- **Task to carry out**: Reproduce the listing below as it stands. Leave out each image.

- **Dataset section**:
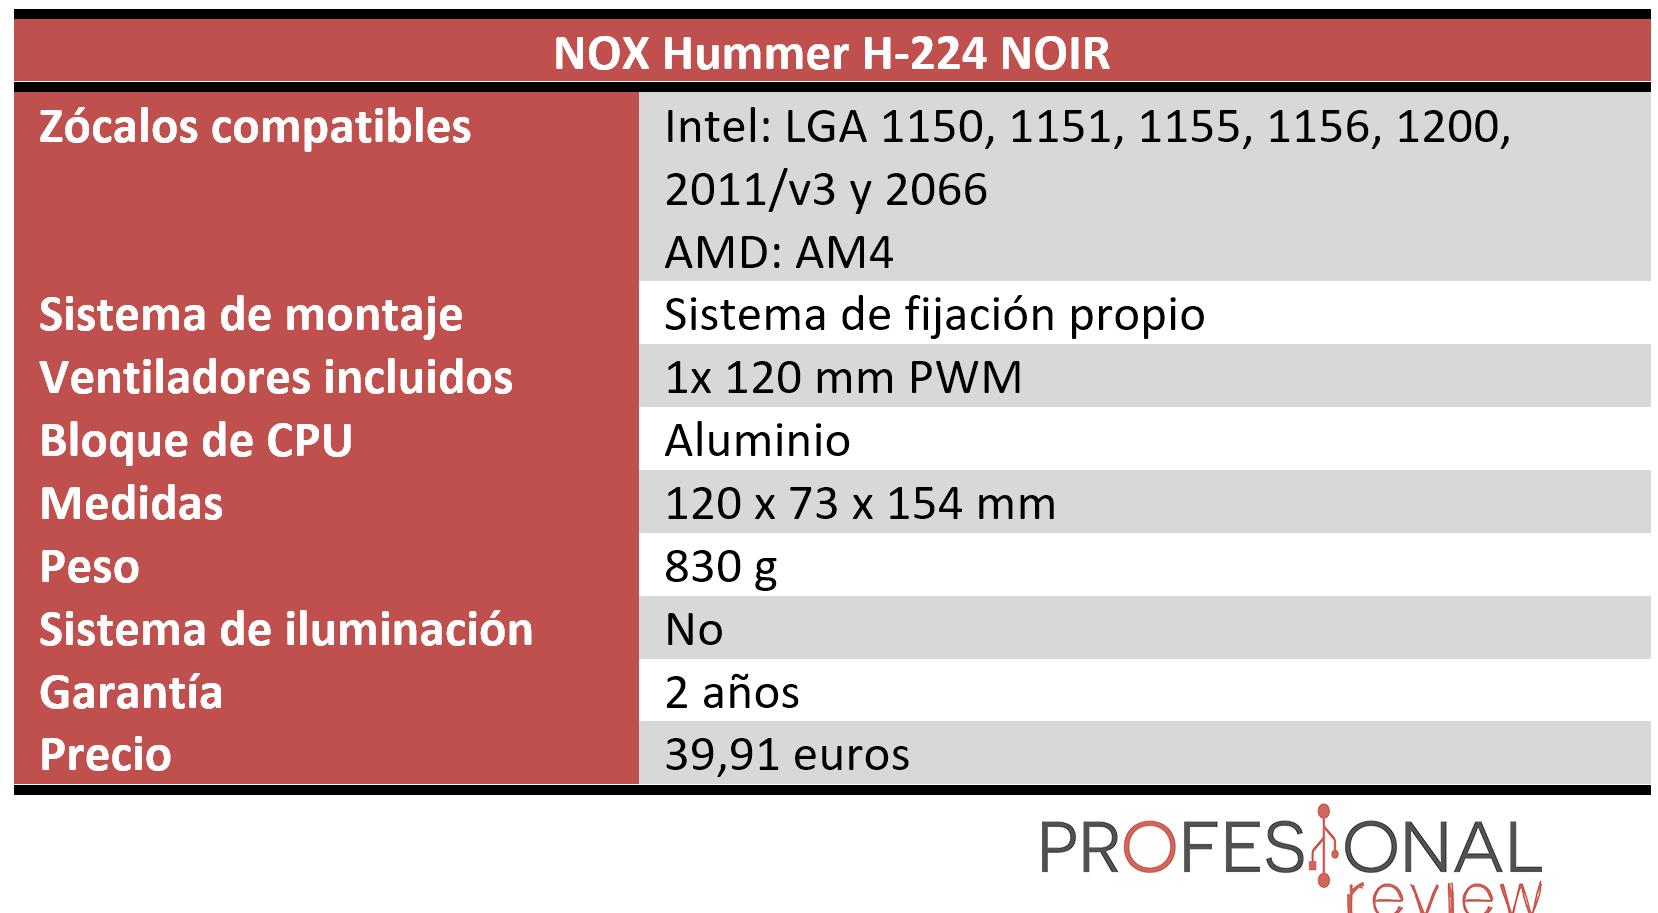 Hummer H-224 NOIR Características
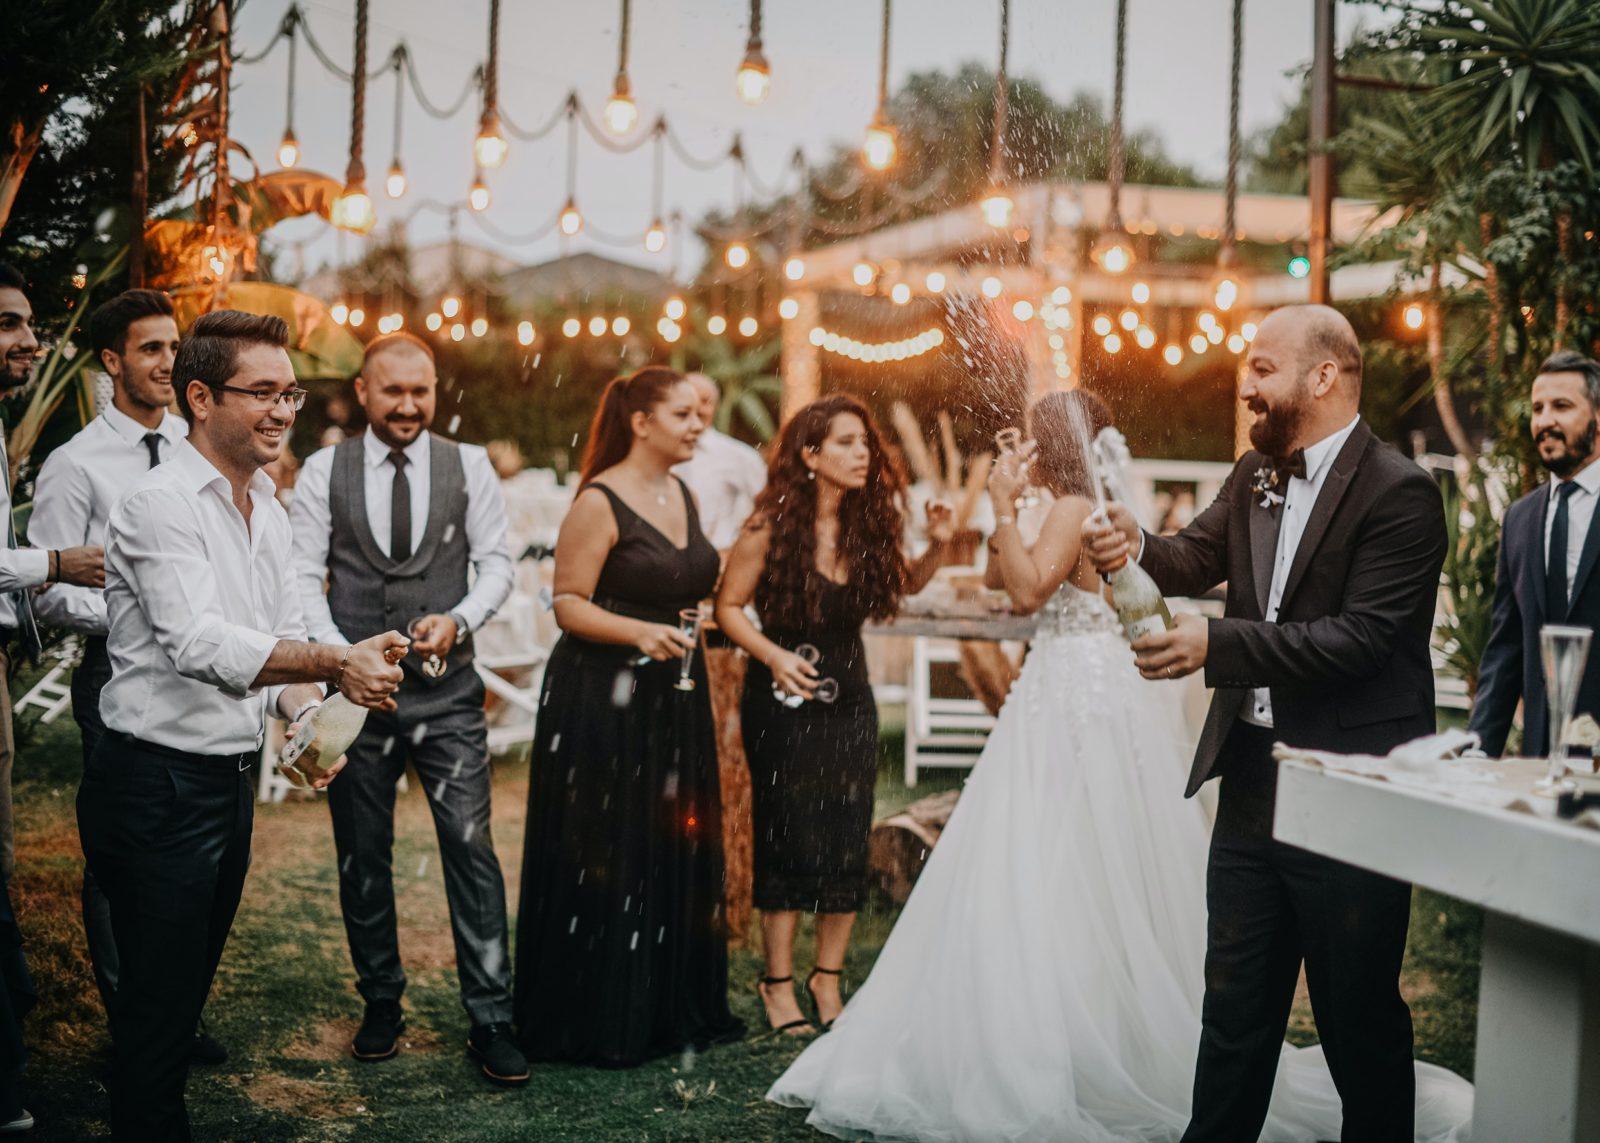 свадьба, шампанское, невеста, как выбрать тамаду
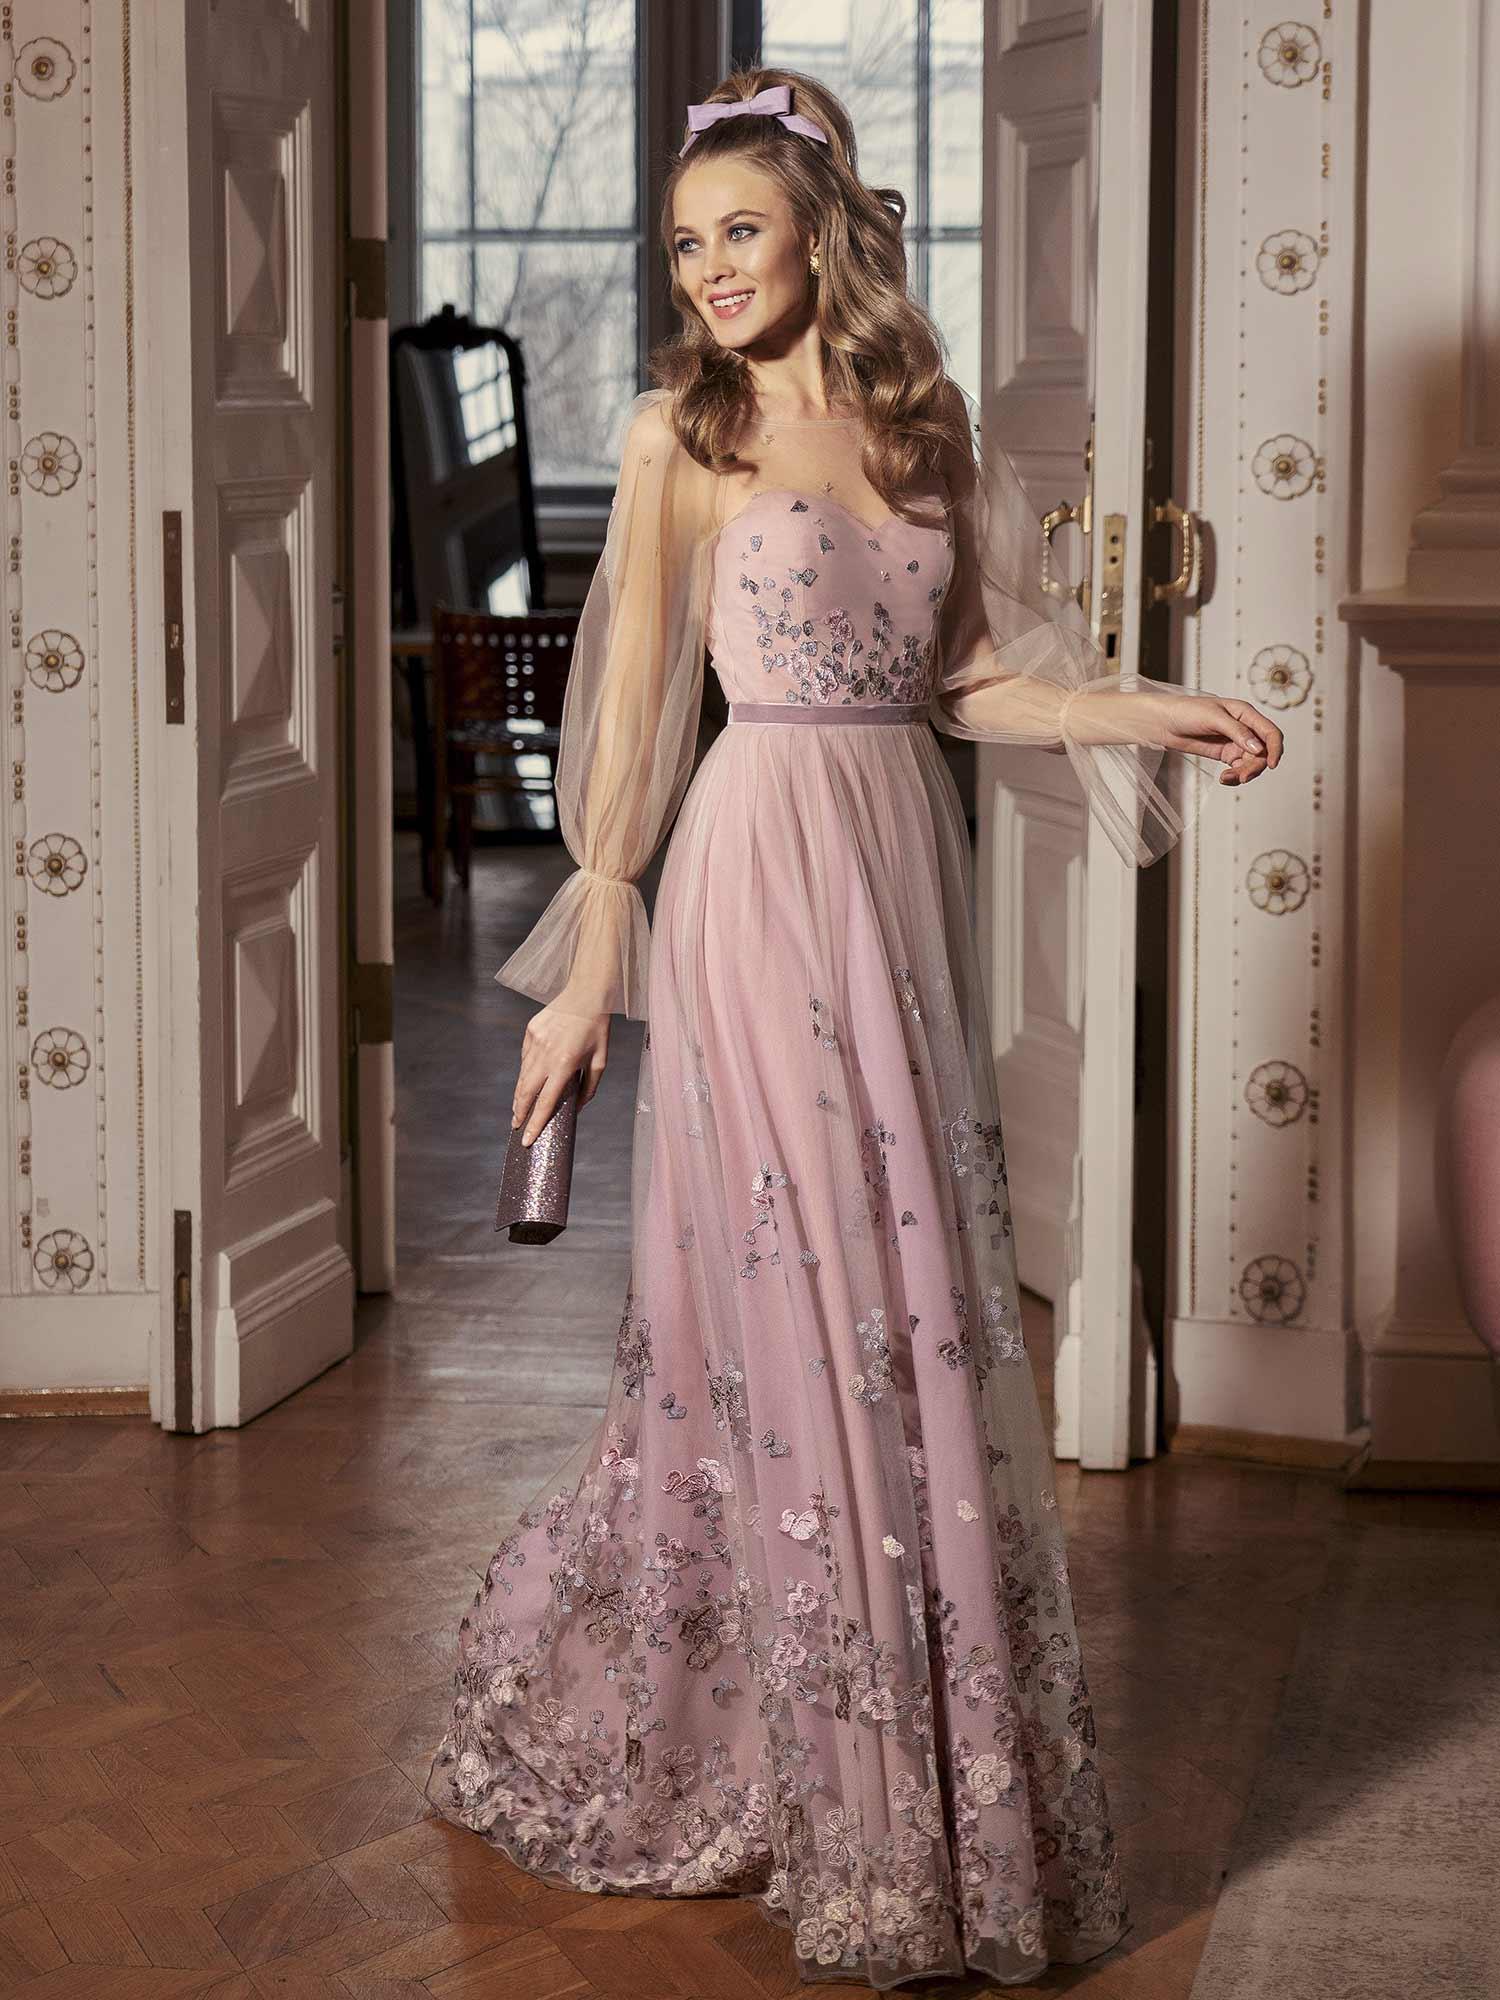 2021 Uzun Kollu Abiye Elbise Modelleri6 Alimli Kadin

- **Output for this task**:
 Hummer H-224 NOIR Características
 свадьба, шампанское, невеста, как выбрать тамаду
 2021 Uzun Kollu Abiye Elbise Modelleri6 Alimli Kadin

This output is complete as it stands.